| Activity |
Repeat every line of the data exactly; the pictures stay out.

| Data excerpt |
###
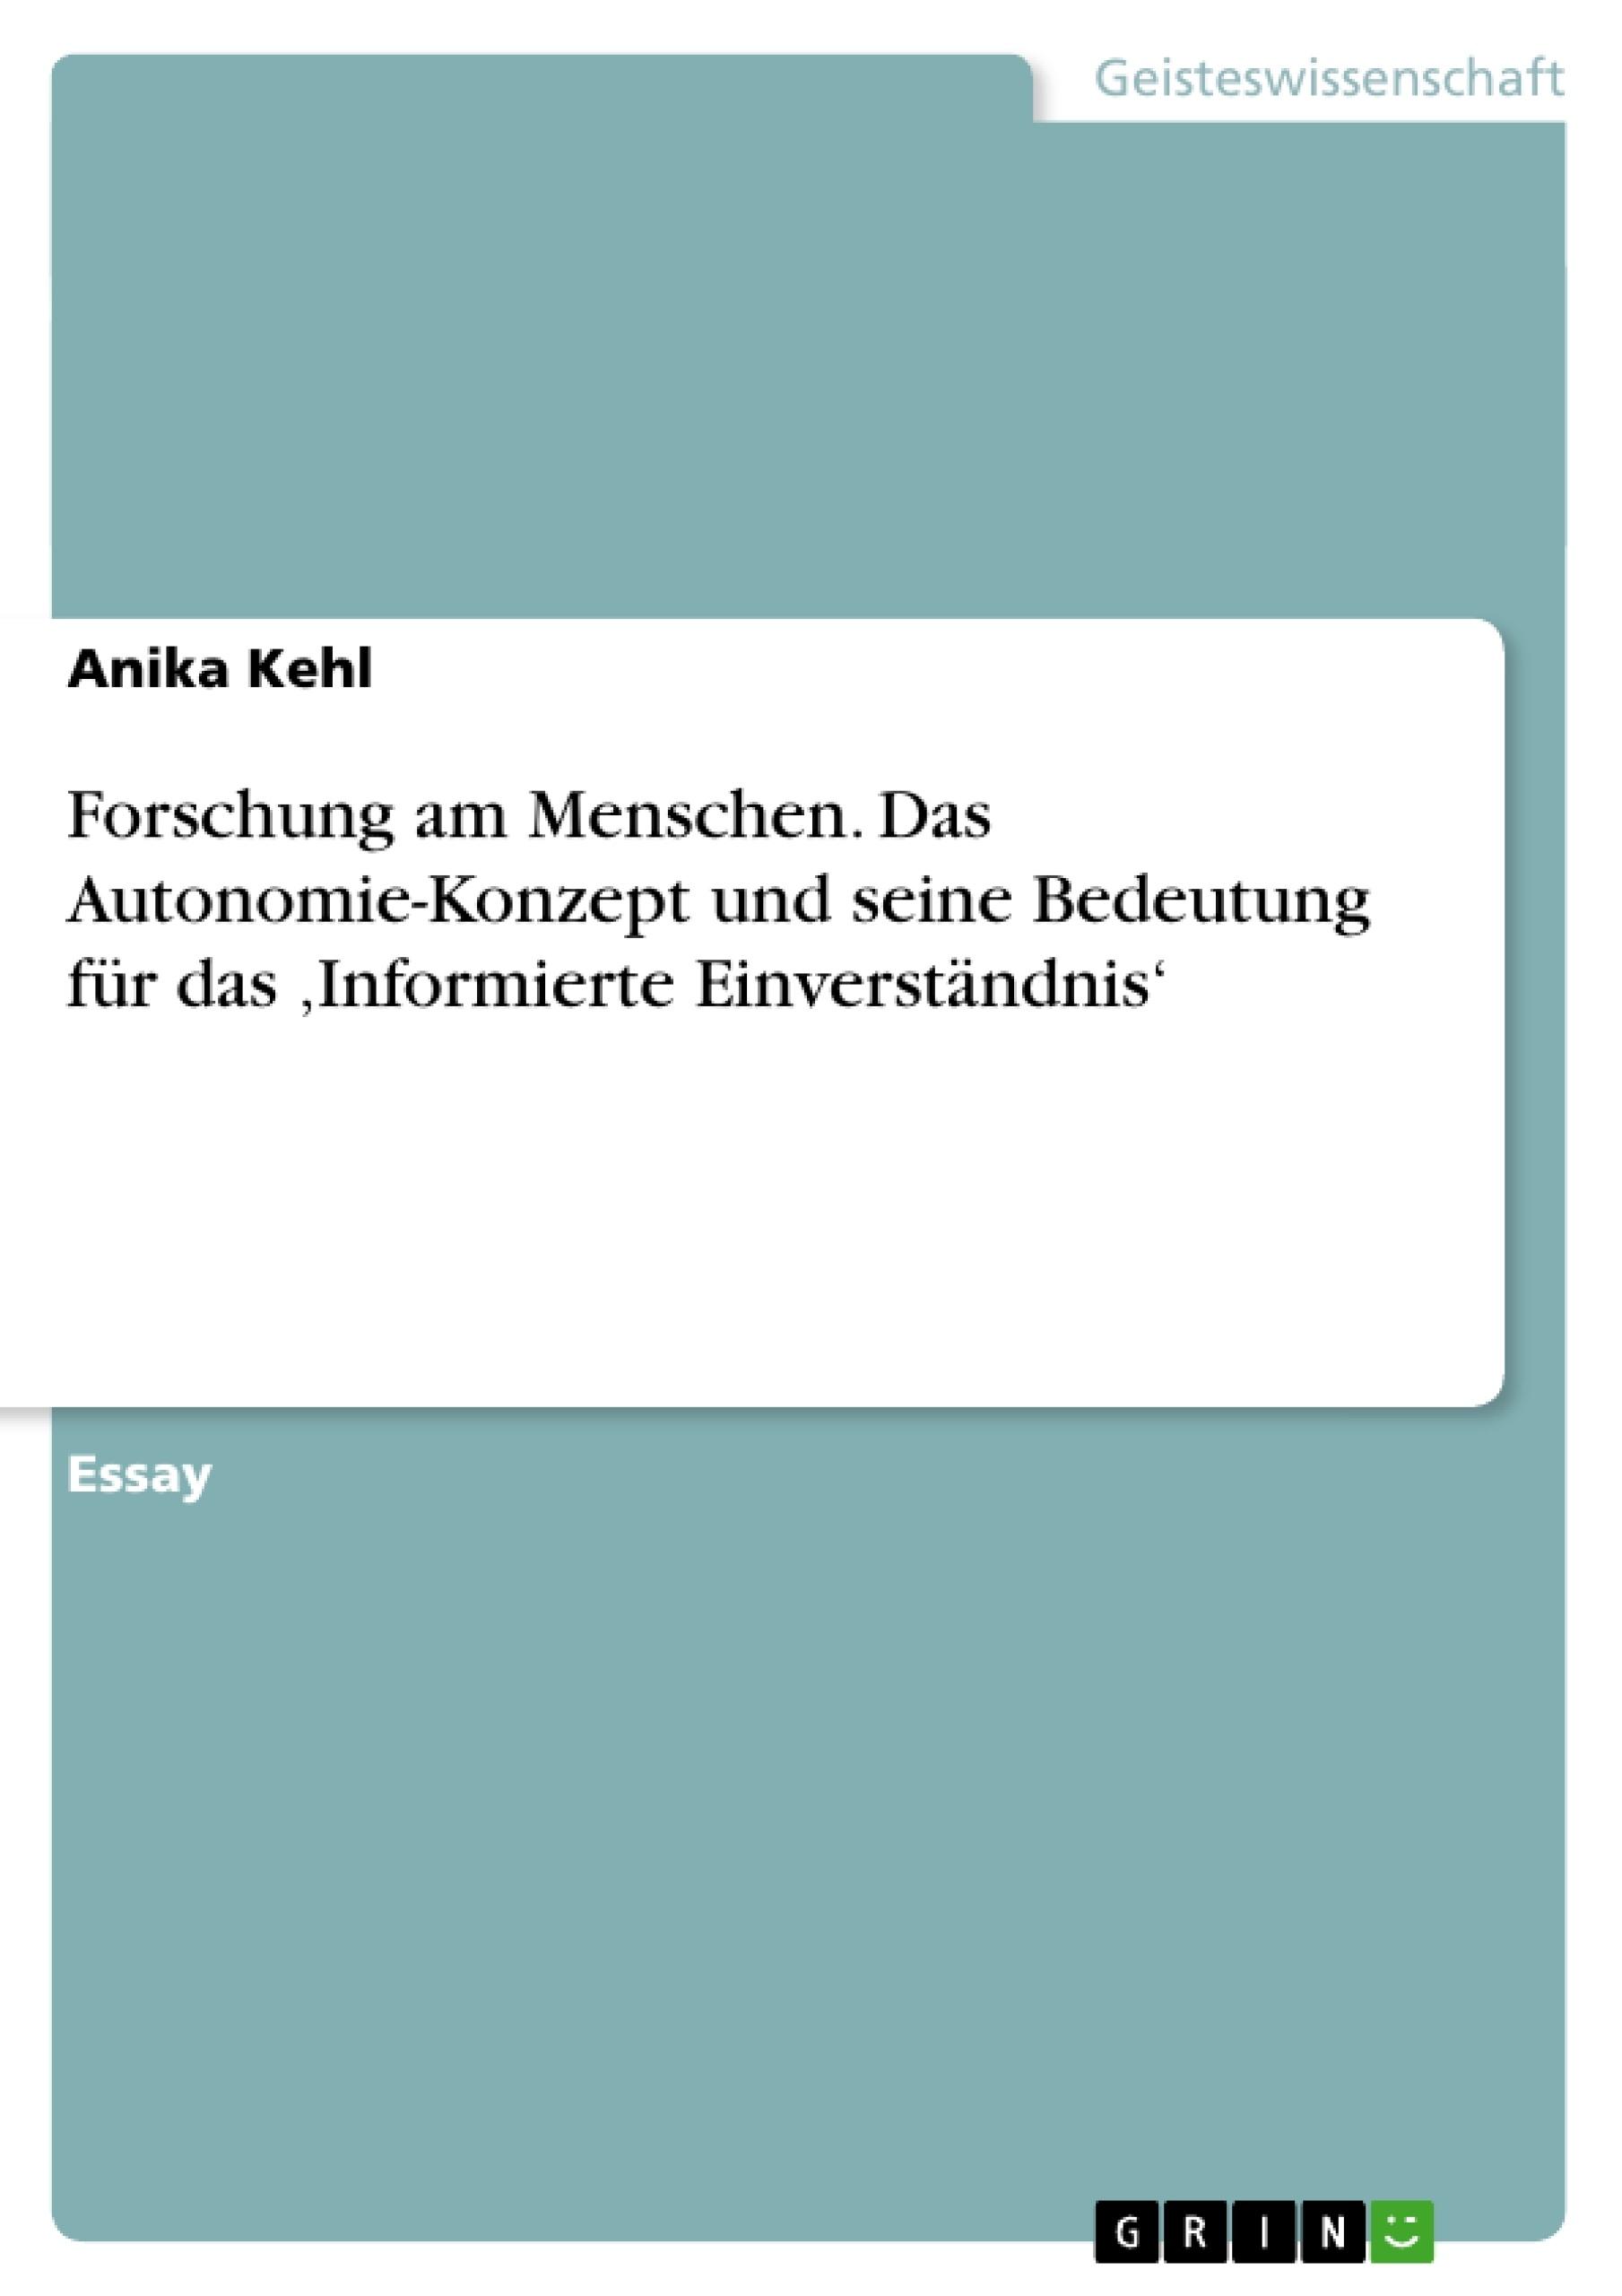 Titel: Forschung am Menschen. Das Autonomie-Konzept und seine Bedeutung für das 'Informierte Einverständnis'
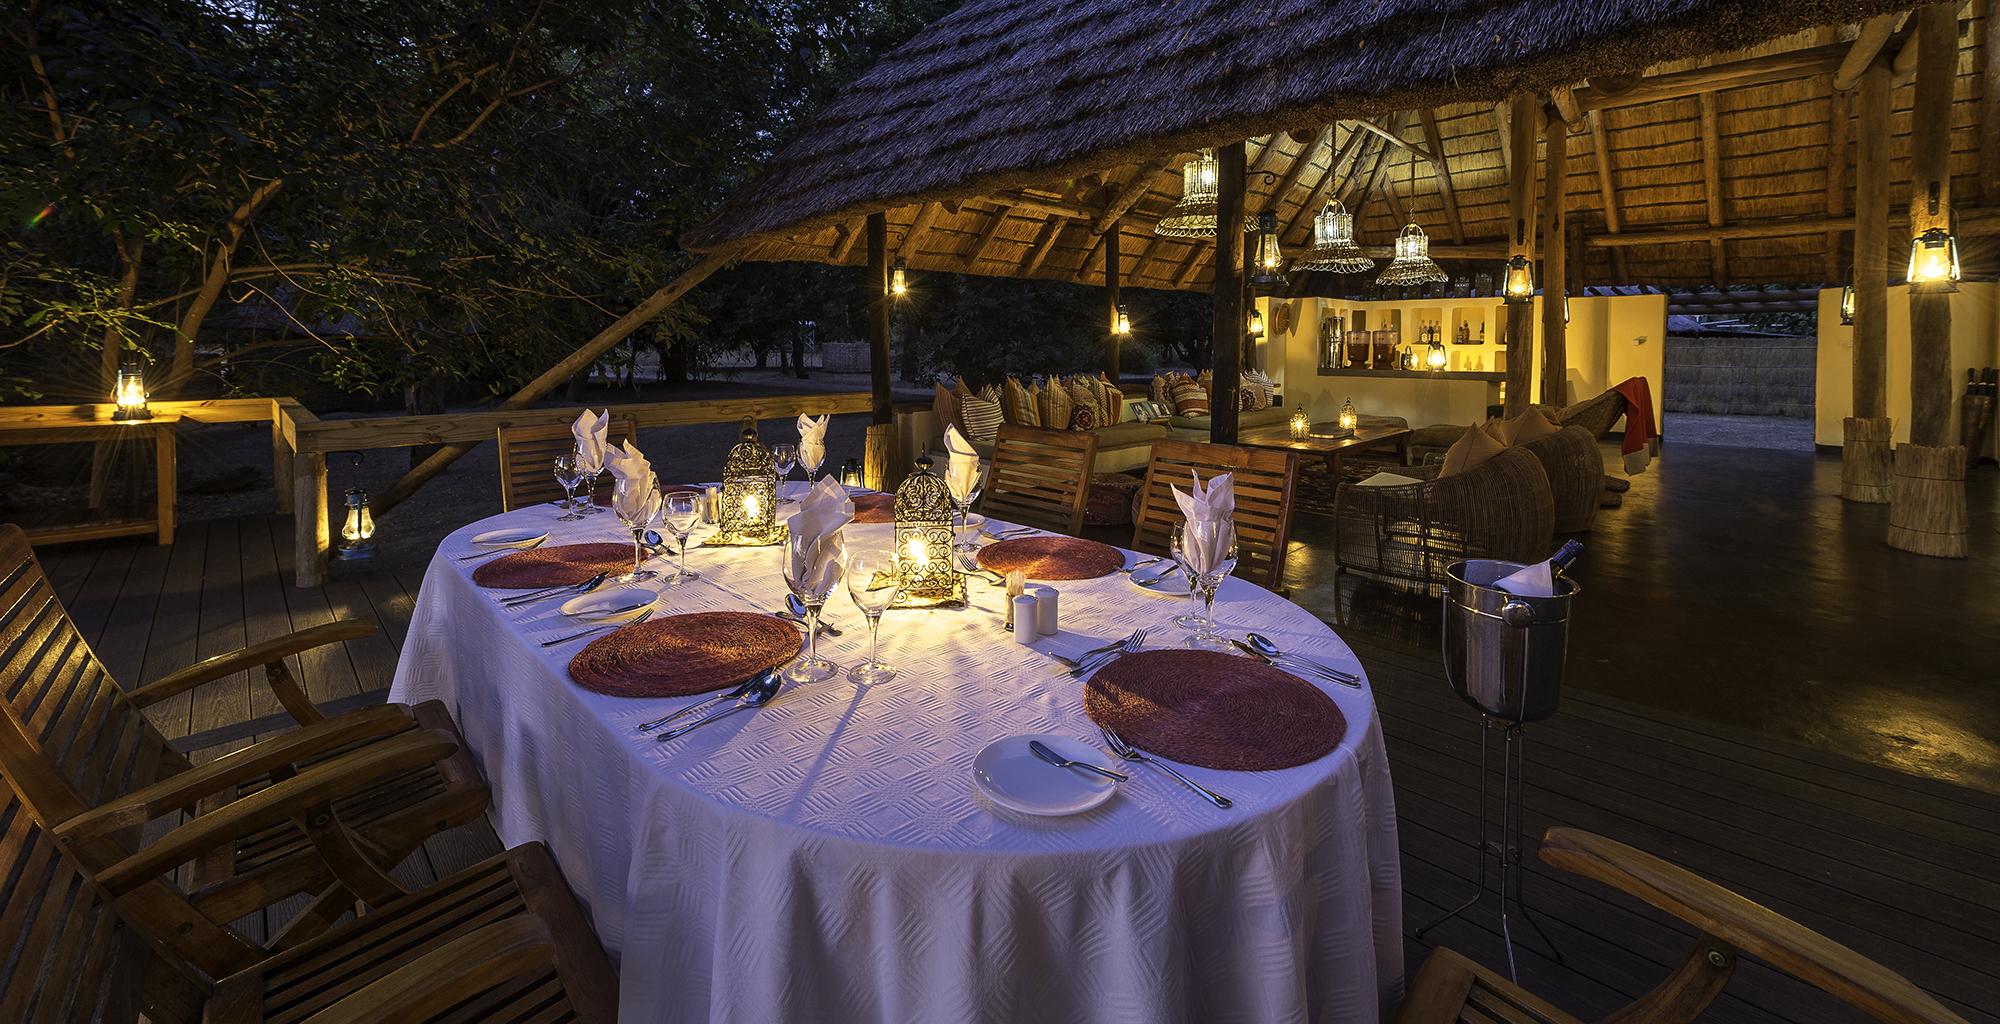 Zambia-Kapamba-Dining
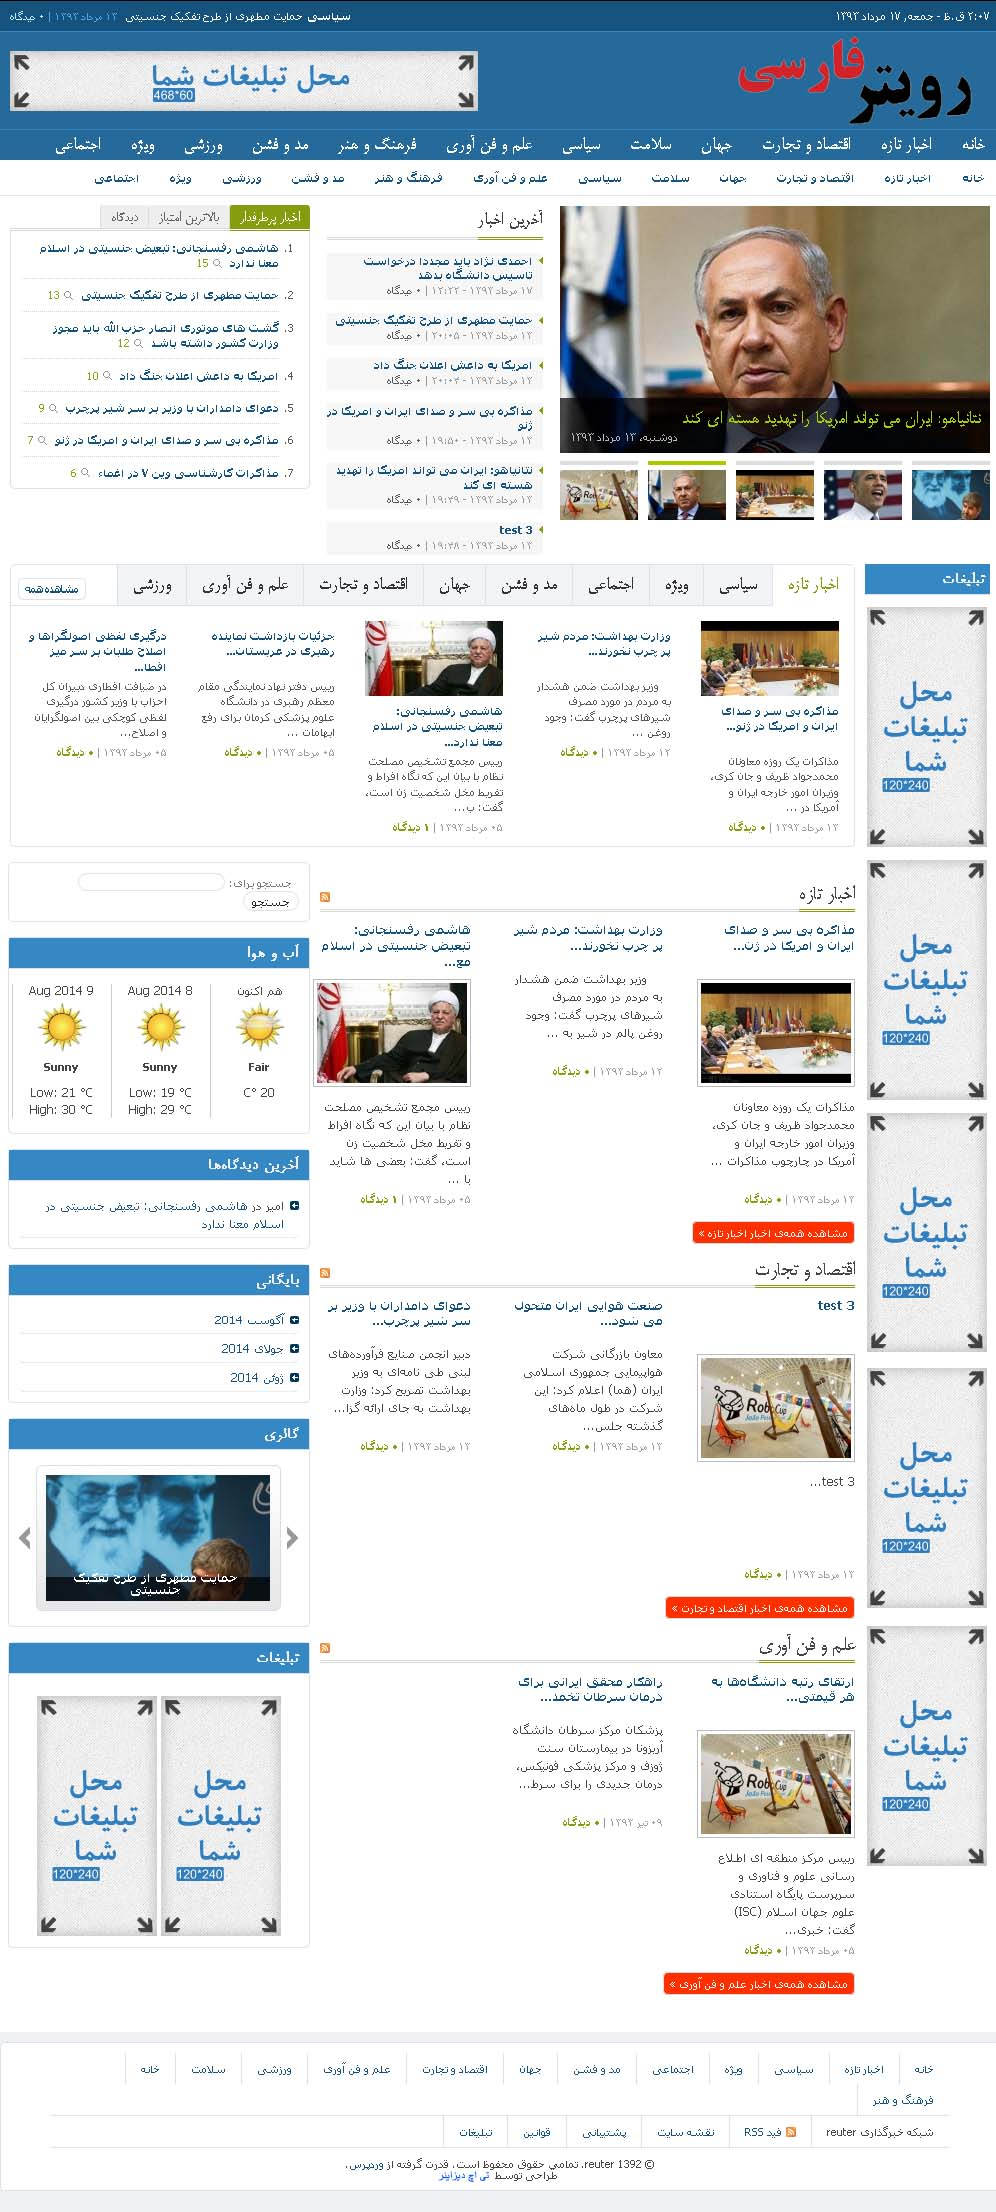 قالب وب سایت رویتر فارسی
###
| Answer space |
 Titel: Forschung am Menschen. Das Autonomie-Konzept und seine Bedeutung für das 'Informierte Einverständnis'
 Zambia-Kapamba-Dining
 قالب وب سایت رویتر فارسی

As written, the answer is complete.